NeoHive vs Basic Memory
For the local-first, plain-Markdown crowd. NeoHive is a context engineering layer that runs on-premises and returns your team’s knowledge and live codebase in a single query, via the Model Context Protocol (MCP).
What Basic Memory is
A local-first knowledge system that builds a semantic graph from plain Markdown files you own and edit. It exposes MCP tools (write_note, search_notes, build_context), stays compatible with Obsidian, and now offers a cloud-hosted version alongside the local one.

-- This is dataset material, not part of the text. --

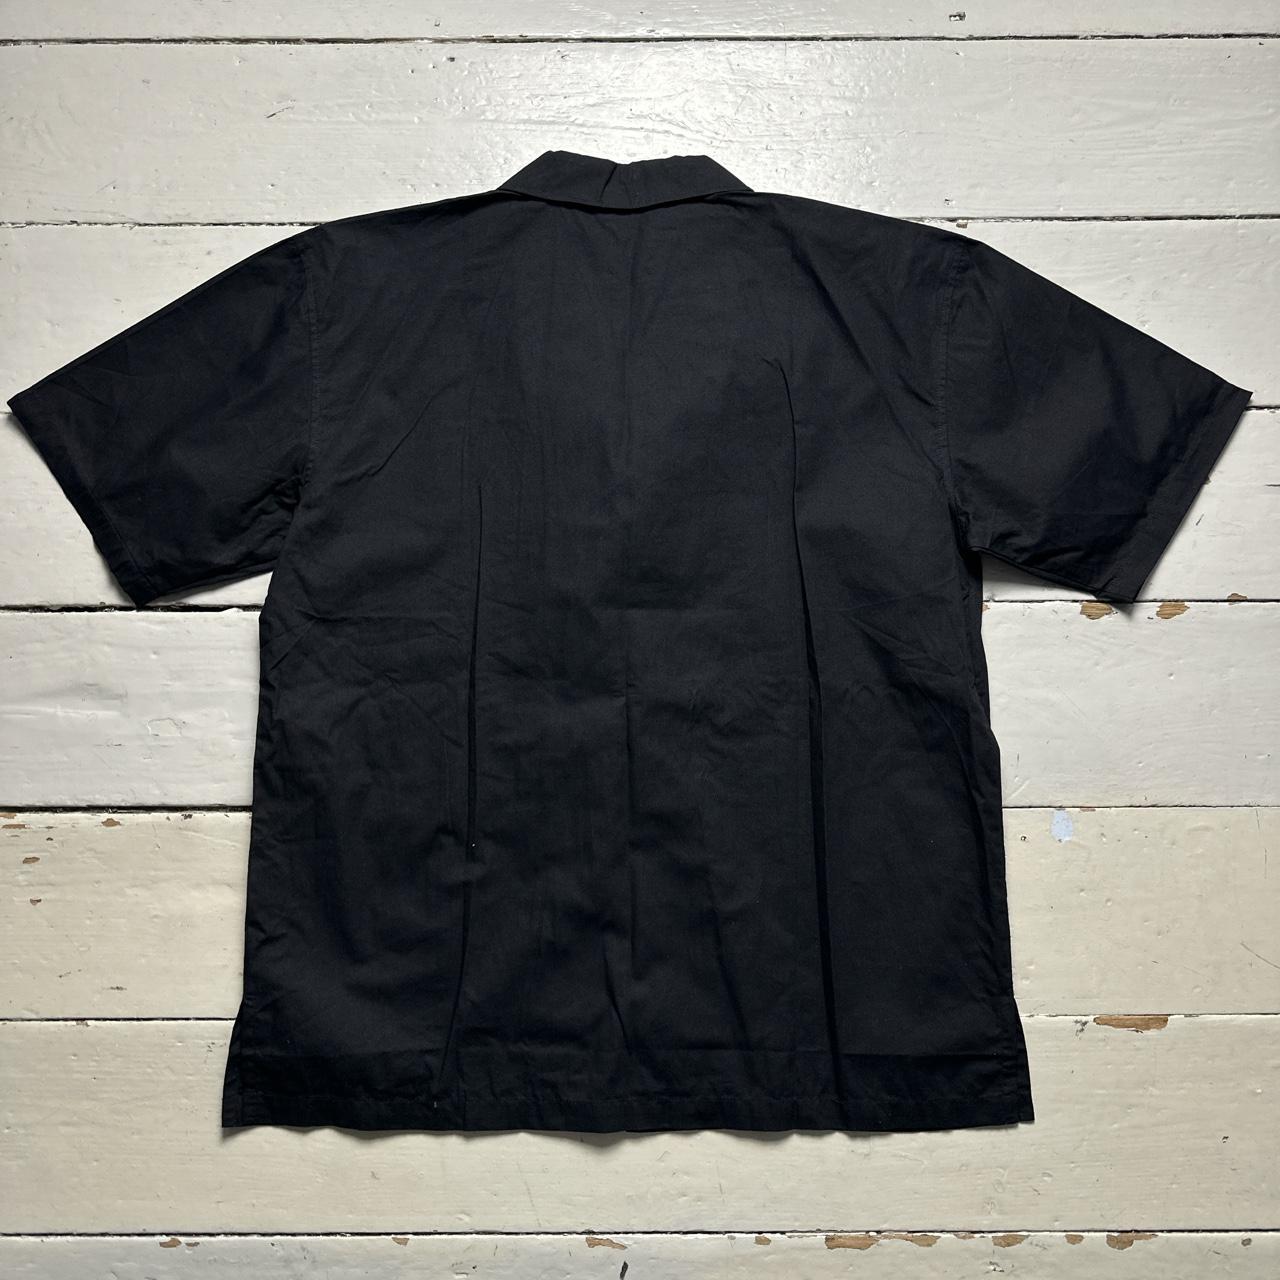 Y2K Japanese Vintage Dragon Black Yellow and Blue Short Sleeve Shirt

Your notes live as Markdown on disk. Basic Memory indexes them with SQLite and links observations and wikilinks into a semantic graph that both you and the AI read and write.
At a glance
| Basic Memory | NeoHive | |
|---|---|---|
| Storage | Markdown files on disk you edit | Indexed knowledge + code, server-managed |
| Codebase | No codebase sync | Live Git sync as one retrieval surface |
| Team | Single-user / local focus (cloud version exists) | Multi-hive team store, self-hosted on-prem |
| Retrieval | Semantic graph built from notes | Deterministic retrieval over notes and code together |
Details as of July 2026 and change often; verify current capabilities with each vendor.
Where Basic Memory is strong
- Total transparency: files on disk, human-editable, Git-friendly, Obsidian-compatible
- Simple, no infrastructure to run
Where it leaves a gap
- Single-user / local focus
- No shared team server in the local mode
- No codebase sync; the graph is built from notes, not your code
The difference
Basic Memory is your notes; NeoHive is your team’s notes plus live code as one searchable surface, on a shared server your team runs on-prem.